What we publish before a model goes live
This page summarizes the 2026-06-11 model evidence pack in customer language: the test data, the gate result, the limits, and what it does not claim.
Failures stay visible
The evidence pack includes failed model runs, not only the best-looking candidate.
No silent promotion
The current long candidate is in SHADOW because it failed the live gate.
Simulation is labeled
Backtests and paper records are not mixed with live outcomes.
- Evidence date
- 2026-06-11
- Universe
- 45 crypto assets
- Holdout data
- 2021-06 to 2026-06
- Raw bars
- 1,714,025 bars
- Candidate trials
- 21 cumulative model trials
- Production promotions
- 0
What was tested
A long-side distribution forecaster was evaluated with purged walk-forward validation. The early 2021-06 to 2022-12 period was kept out of model selection and used as a true untouched holdout.
What the gate said
The strongest candidate reached PBO 0.029 but DSR 0.774, below the 0.90 live threshold. That means selection risk looked controlled, but regime consistency was not strong enough for production promotion.
What the results looked like
Across the five-year evaluation the candidate produced 18,790 simulated out-of-sample trades with a 57.4% win rate. The edge was regime-dependent: bull periods carried the result, bear periods were near flat, and chop was weak.
What this does not claim
The report is not a live performance claim and not an investment recommendation. Terminal simulations are optimistic because they cannot know the intrabar order of protective and target levels, funding costs are not fully modeled, and slippage can be worse in thin assets.
Champion's 5-year, period-by-period results
Each row is the out-of-sample result of a model trained only on its own past. The edge is real but regime-dependent — bull periods carry the result.
| Regime | Trades | Win rate | Avg net/trade |
|---|---|---|---|
| Bull (5 periods) | 5,166 | 69.4% | +2.88% |
| Bear (2 periods) | 9,819 | 52.2% | ≈ flat |
| Sideways / chop | 1,236 | 41.7% | −0.55% |
| Mixed (recent) | 2,569 | 60.8% | +0.99% |
| Total | 18,790 | 57.4% | — |
How well do the forecast ranges hold?
When the model says “price stays within this band with 80% probability,” across the last 120 days of real data (1,795 independent checks) price landed inside that band in ~86 of 100 cases.

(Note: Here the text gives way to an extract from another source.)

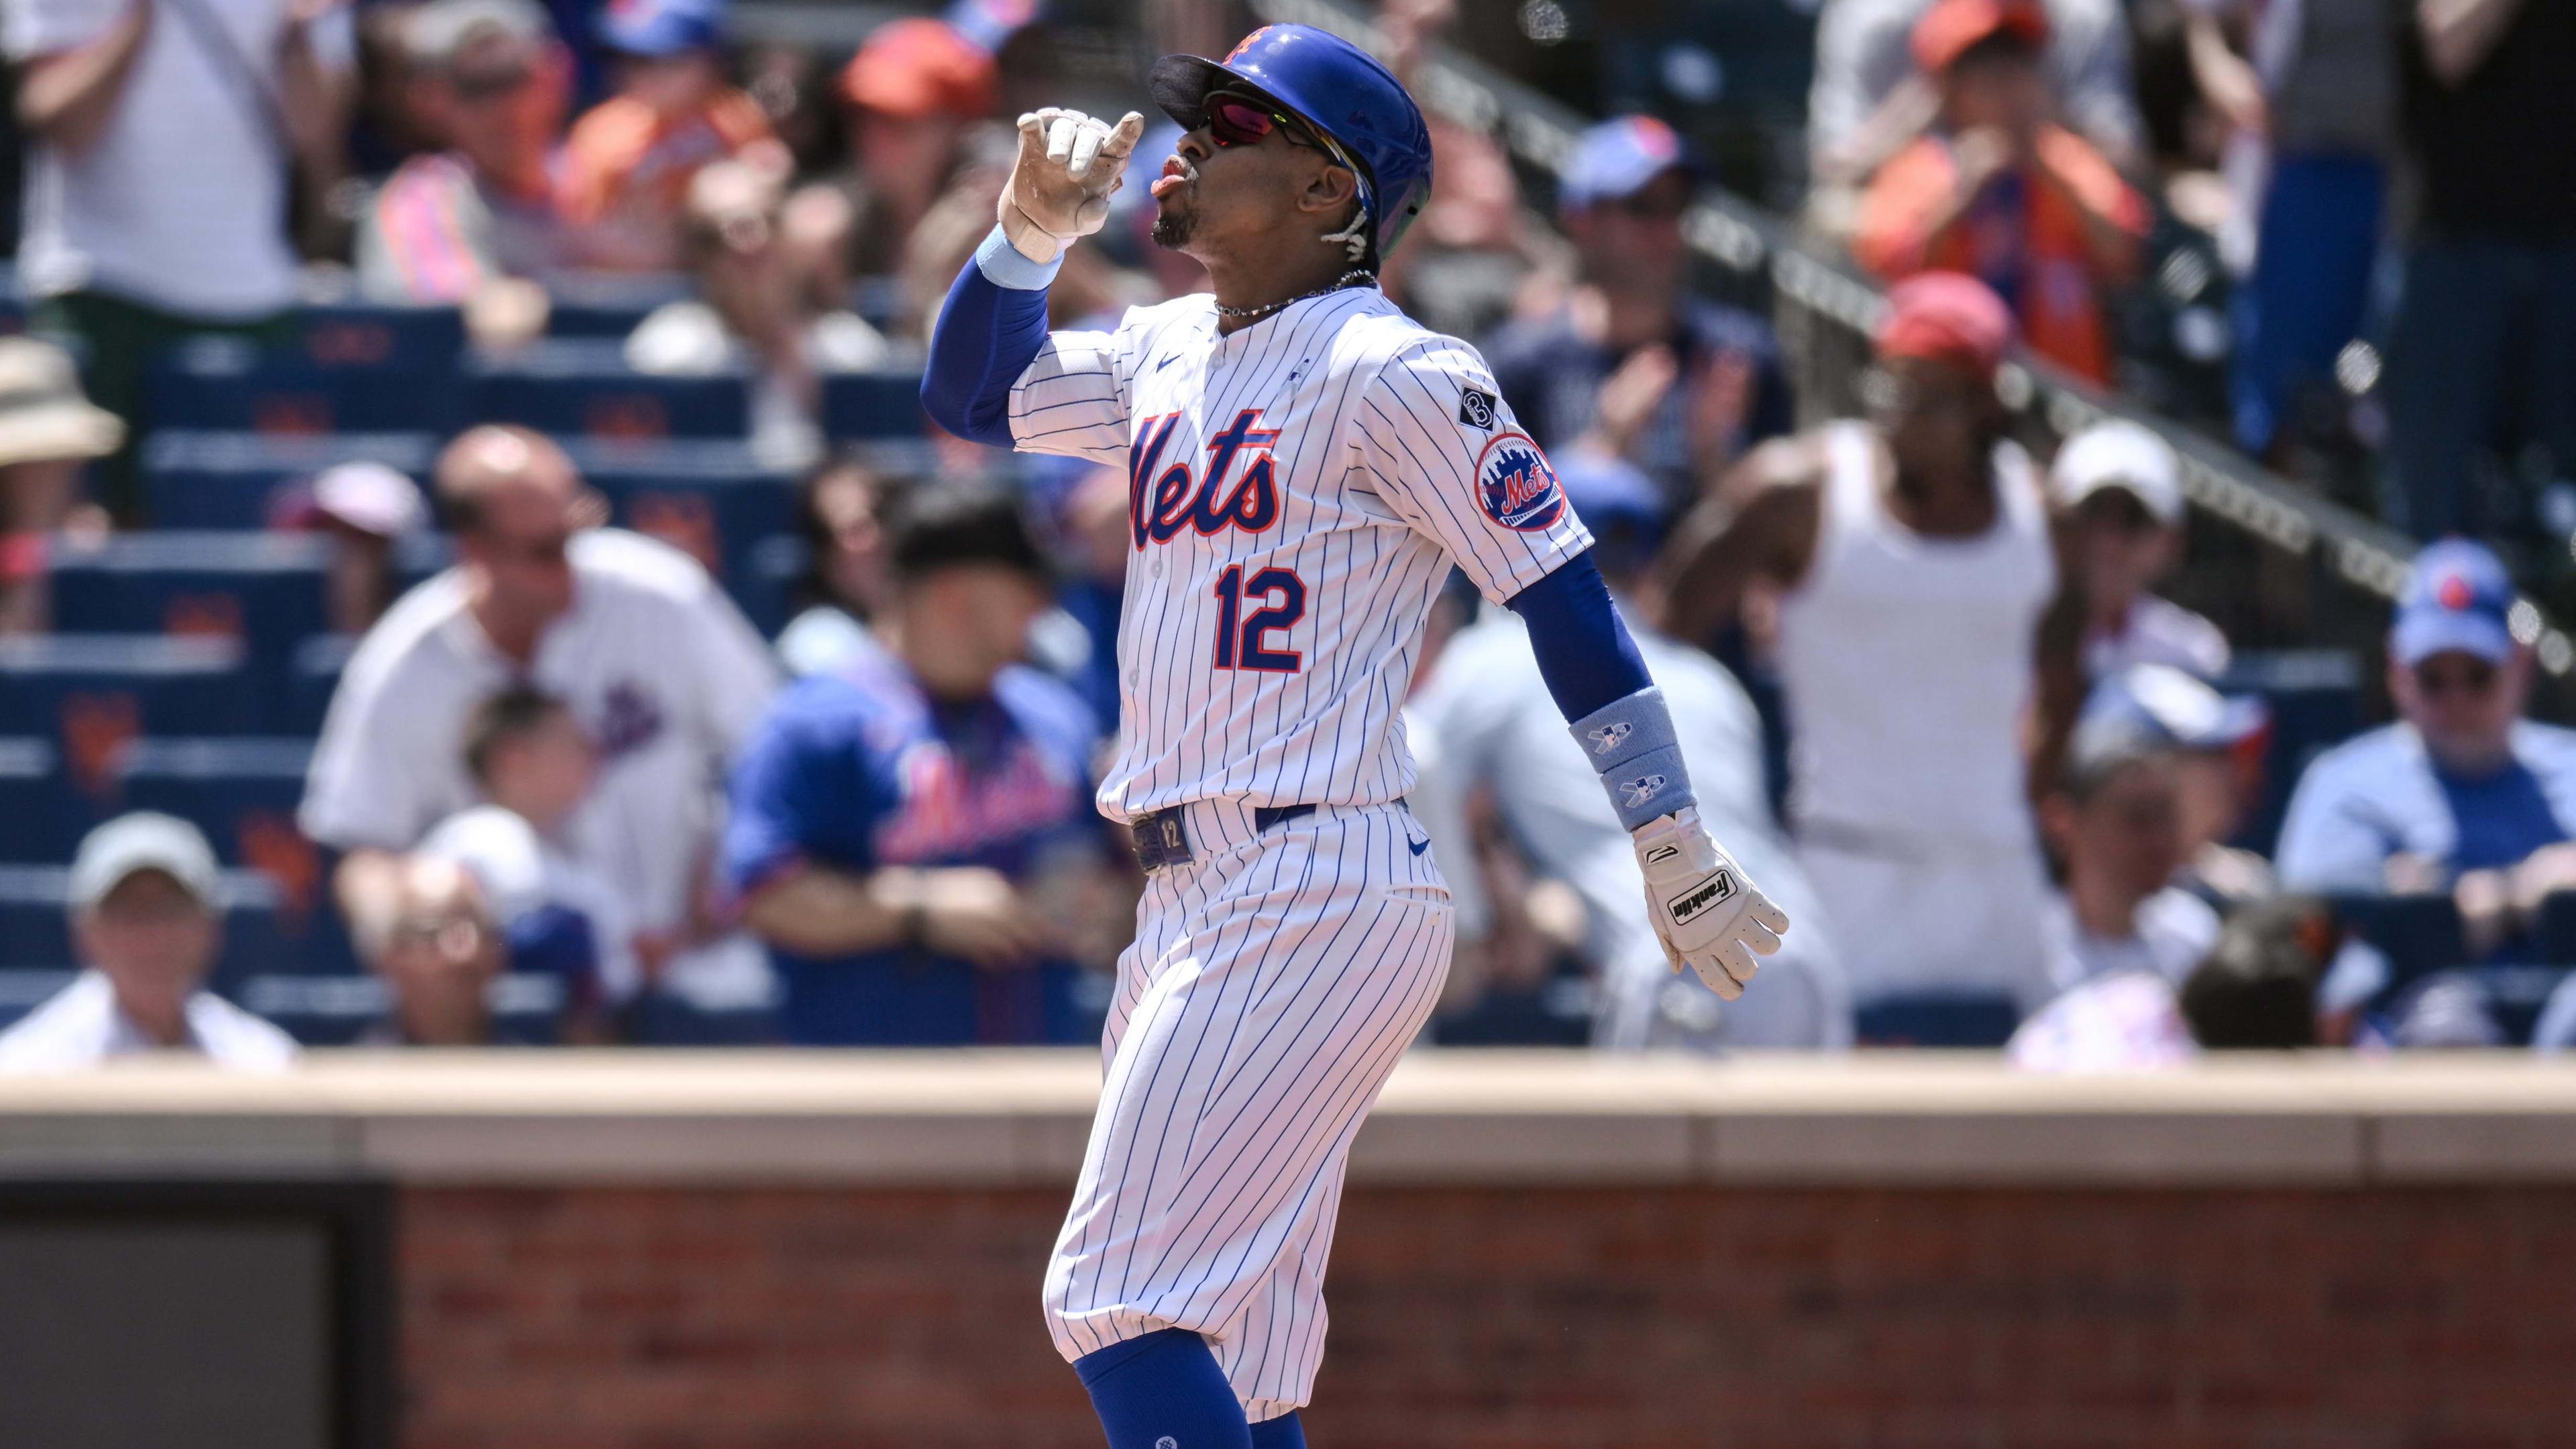 New York Mets shortstop Francisco Lindor (12) rounds the bases after hitting a solo home run against the San Diego Padres during the first inning at Citi Field / John Jones - USA TODAY Sports

The probability ranges are closely calibrated to reality.
- q10–q90 band hit
- 85.9% (target 80%)
- q25–q75 band hit
- 57.6% (target 50%)
- Median forecast error
- 3.3%
- Independent checks
- 1,795
Controls that matter
- Every trained configuration is counted before DSR is calculated.
- Failed gates physically block promotion into production serving.
- Raw evidence files are covered by a SHA-256 manifest.
- Model registry state showed 14 bundles and 0 promotions at the evidence snapshot.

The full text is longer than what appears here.